[Material provided Boundary: Start]

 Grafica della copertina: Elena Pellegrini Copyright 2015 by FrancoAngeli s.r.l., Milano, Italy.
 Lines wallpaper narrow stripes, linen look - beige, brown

[Material provided Boundary: End]
[Material provided Boundary: Start]

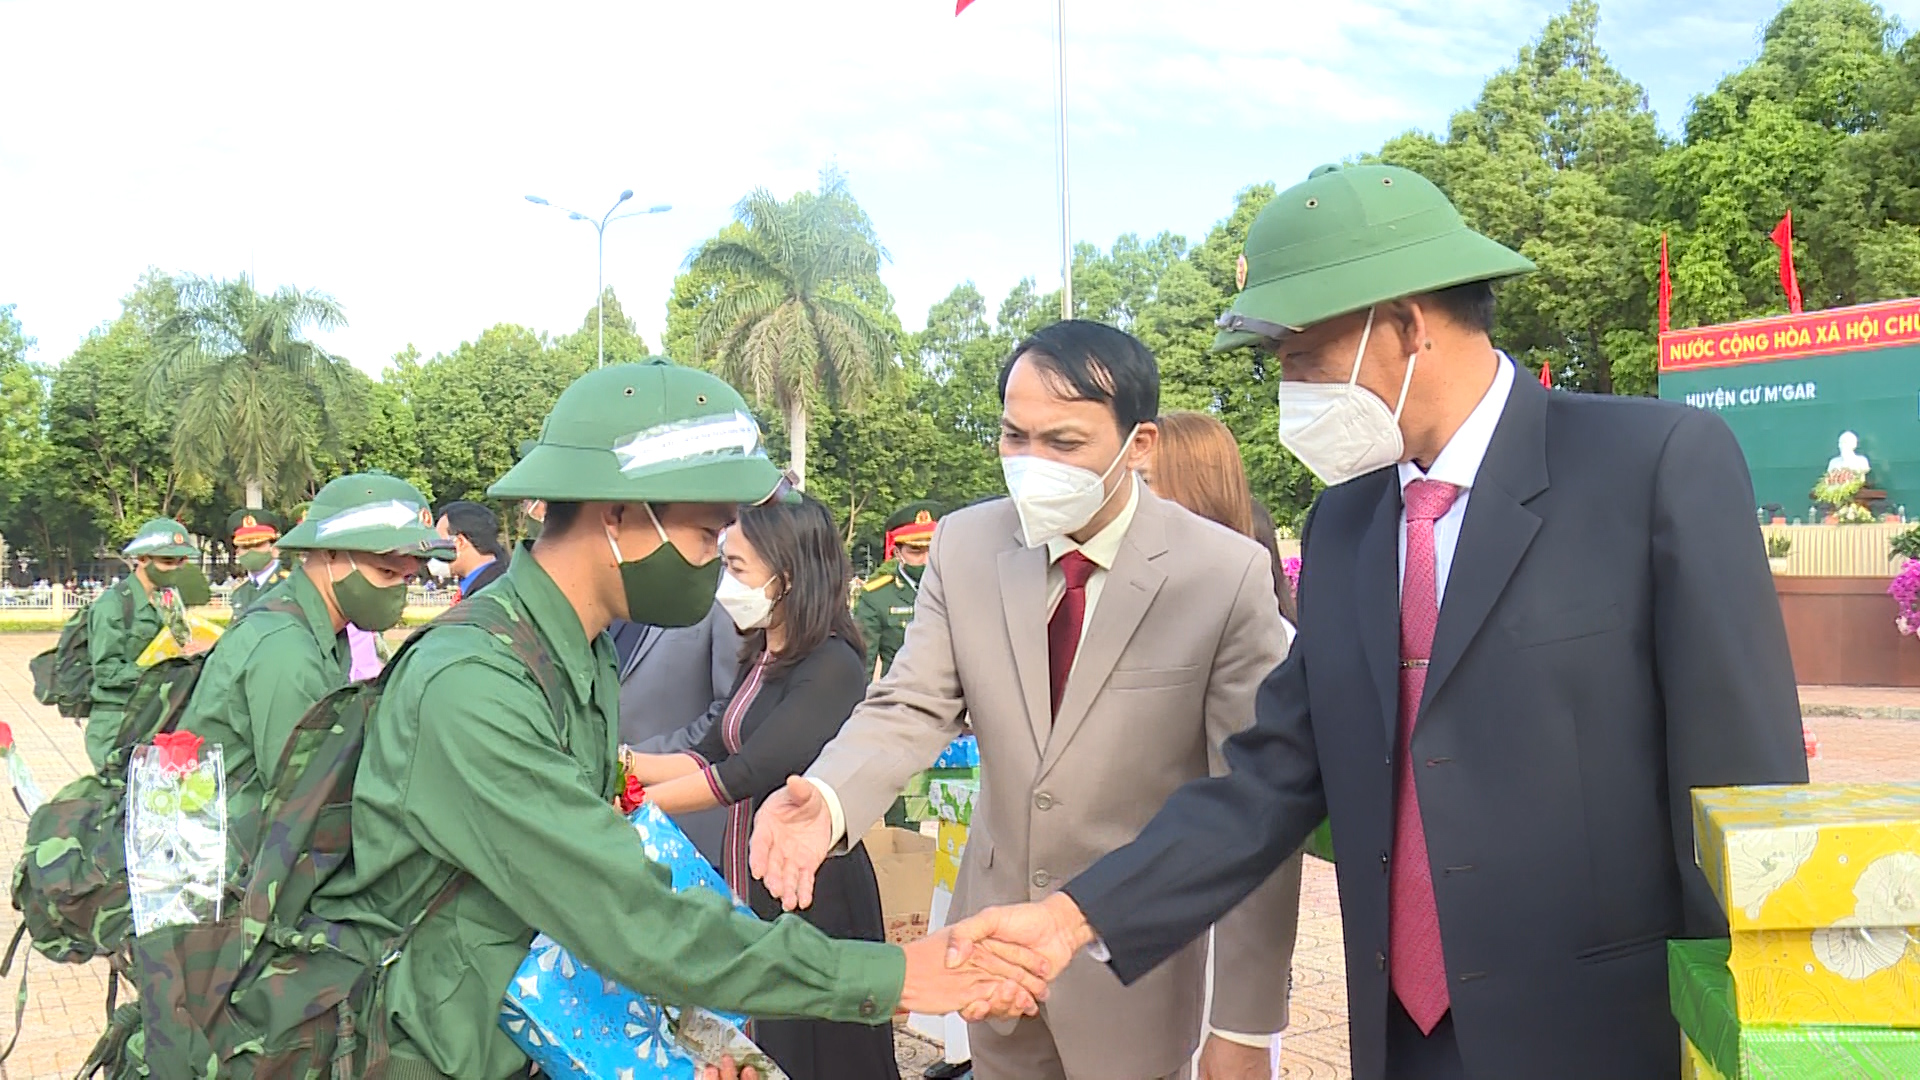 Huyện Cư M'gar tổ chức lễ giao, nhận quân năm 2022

[Material provided Boundary: End]
[Material provided Boundary: Start]

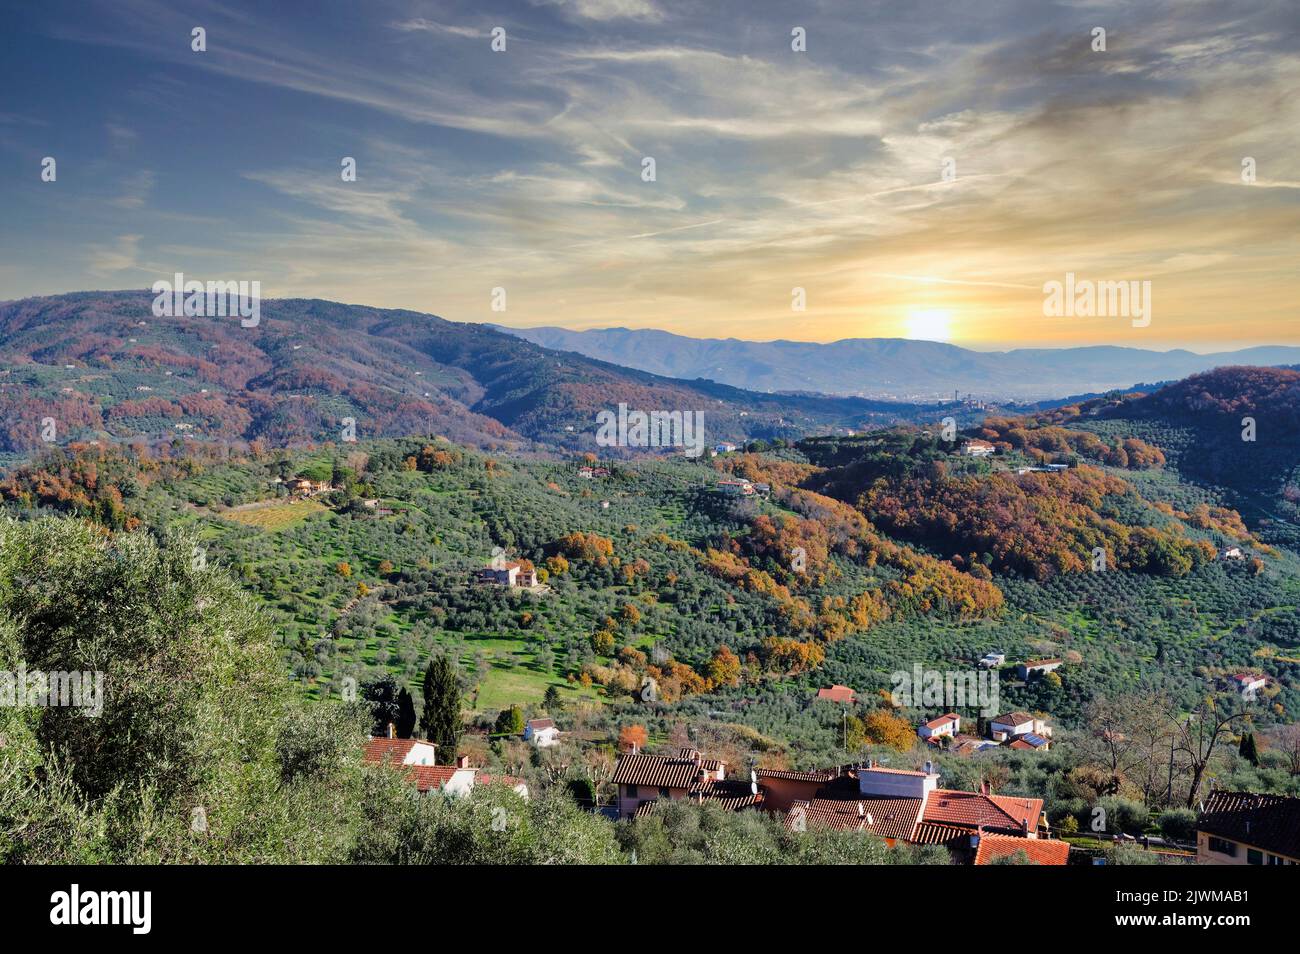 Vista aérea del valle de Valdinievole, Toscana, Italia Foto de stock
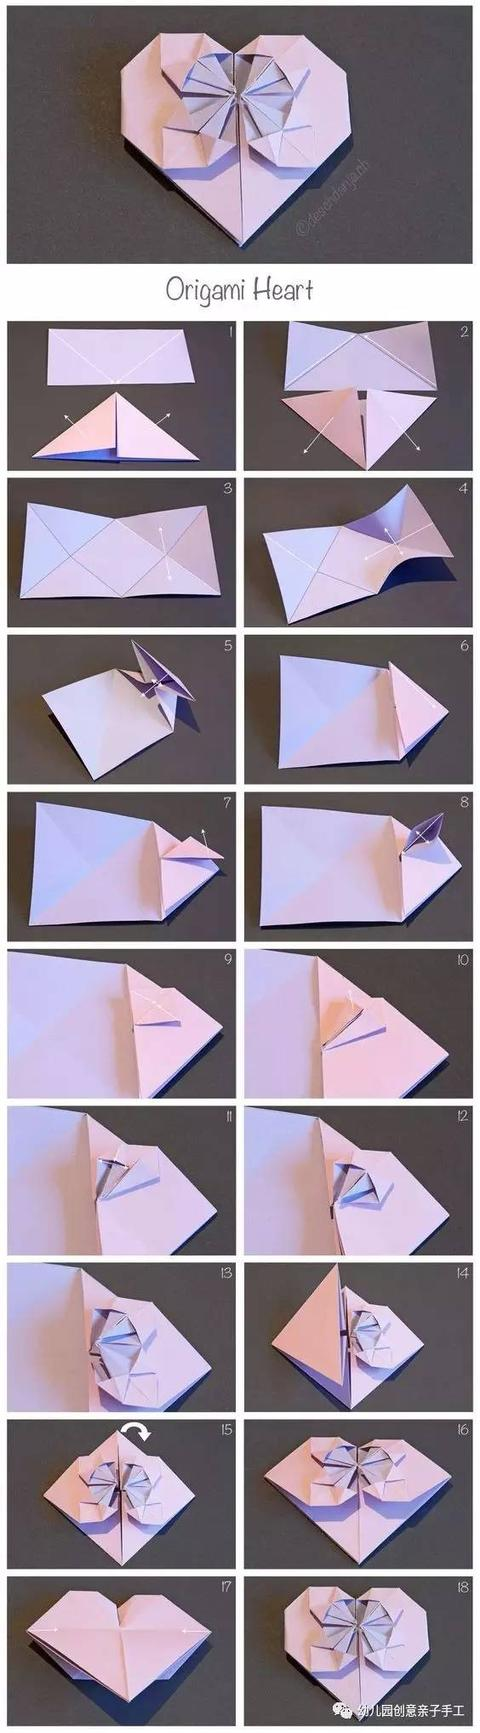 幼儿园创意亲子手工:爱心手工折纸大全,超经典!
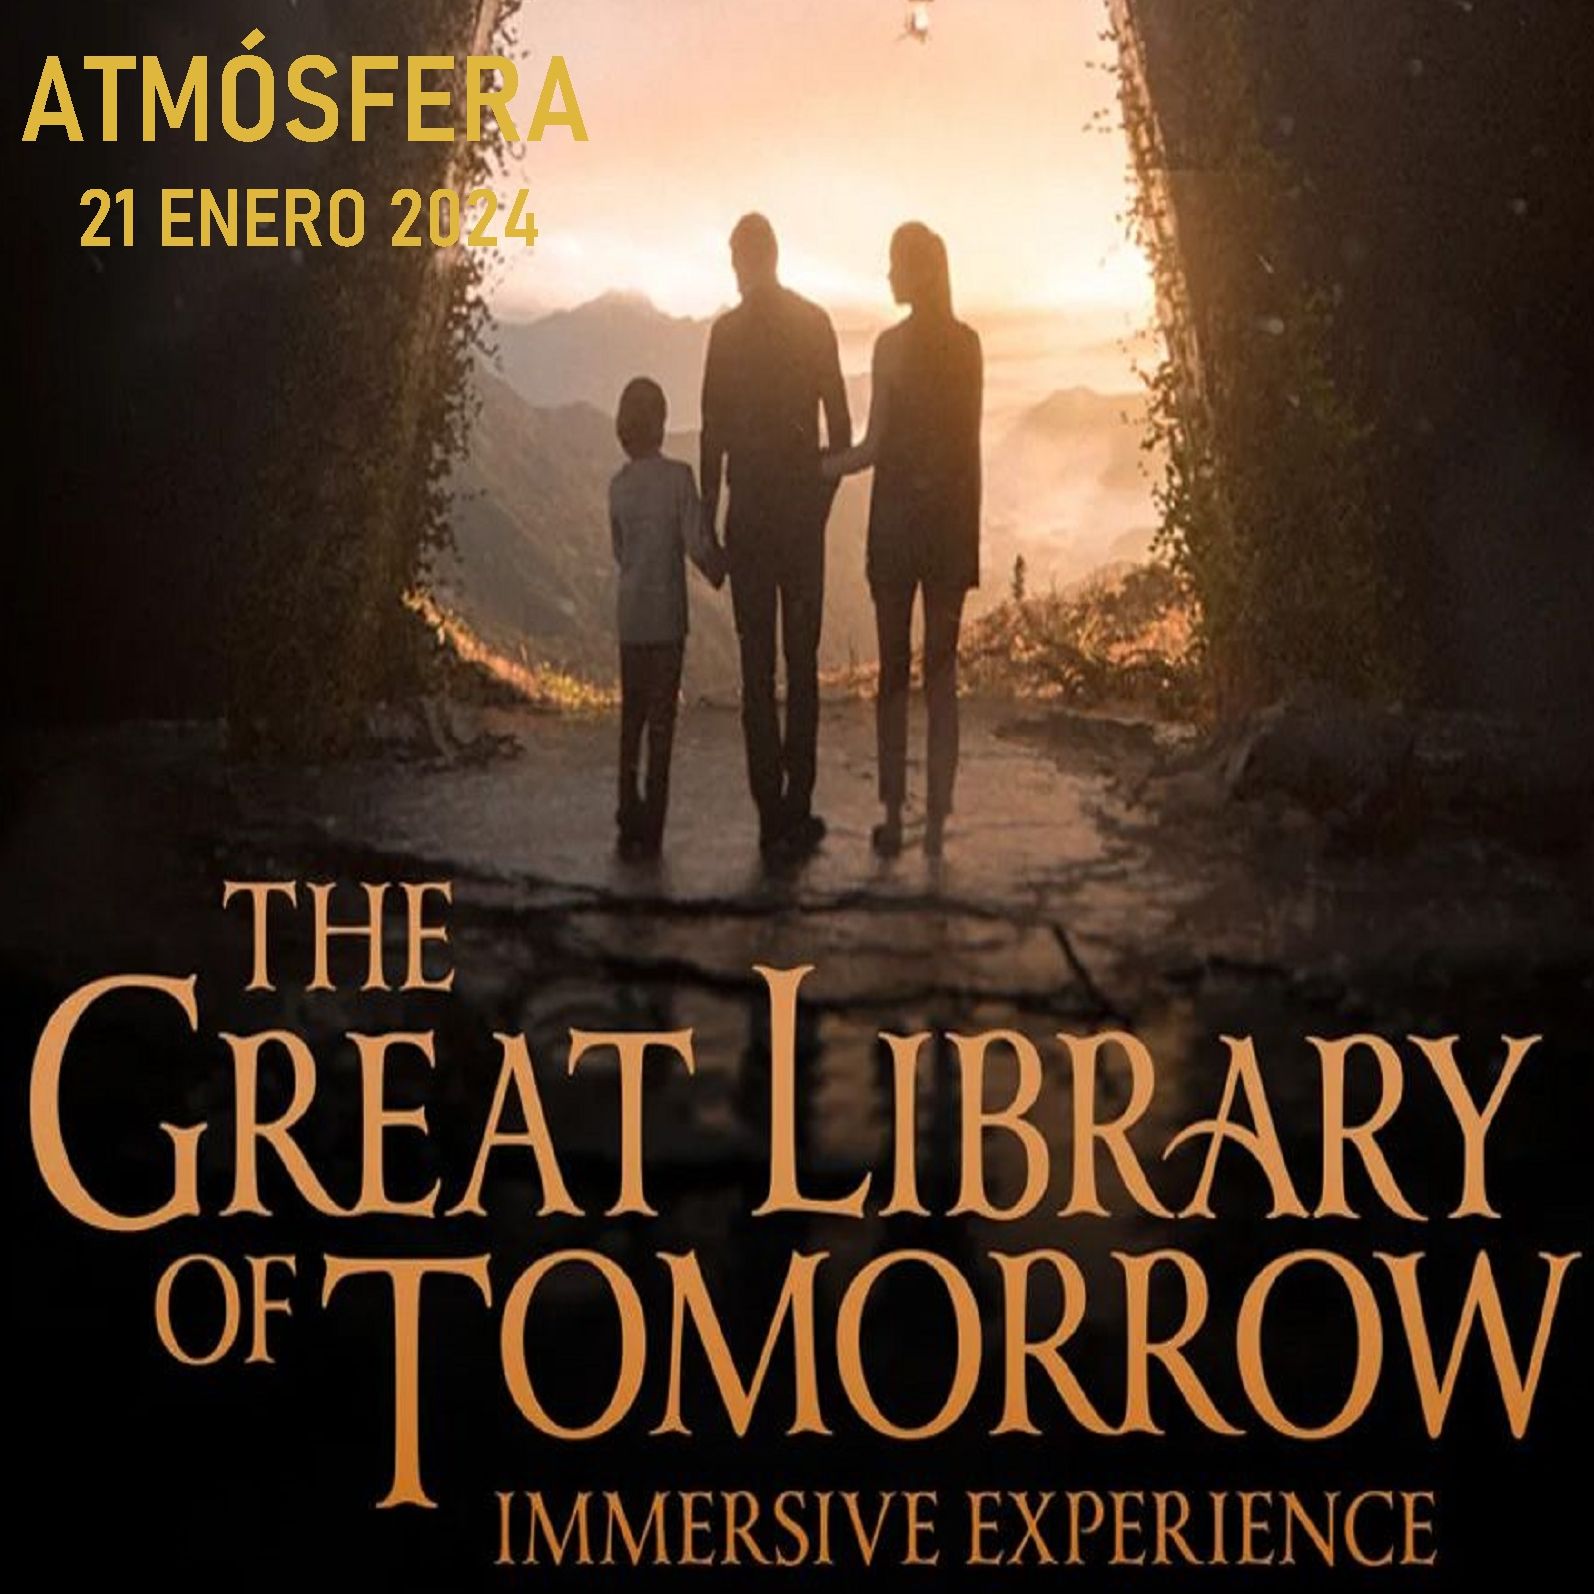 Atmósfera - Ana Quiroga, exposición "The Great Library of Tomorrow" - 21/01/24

[Material provided Boundary: End]

#### What is required:
From the listing above, please give again the lines that begin with the line holding "幼儿园创意亲子手工:爱心手工折纸大全,超经典!" and go on through the line holding "Atmósfera - Ana", exactly, both ends included, minus any picture.

#### Response to this task:
 幼儿园创意亲子手工:爱心手工折纸大全,超经典!
 Atmósfera - Ana Quiroga, exposición "The Great Library of Tomorrow" - 21/01/24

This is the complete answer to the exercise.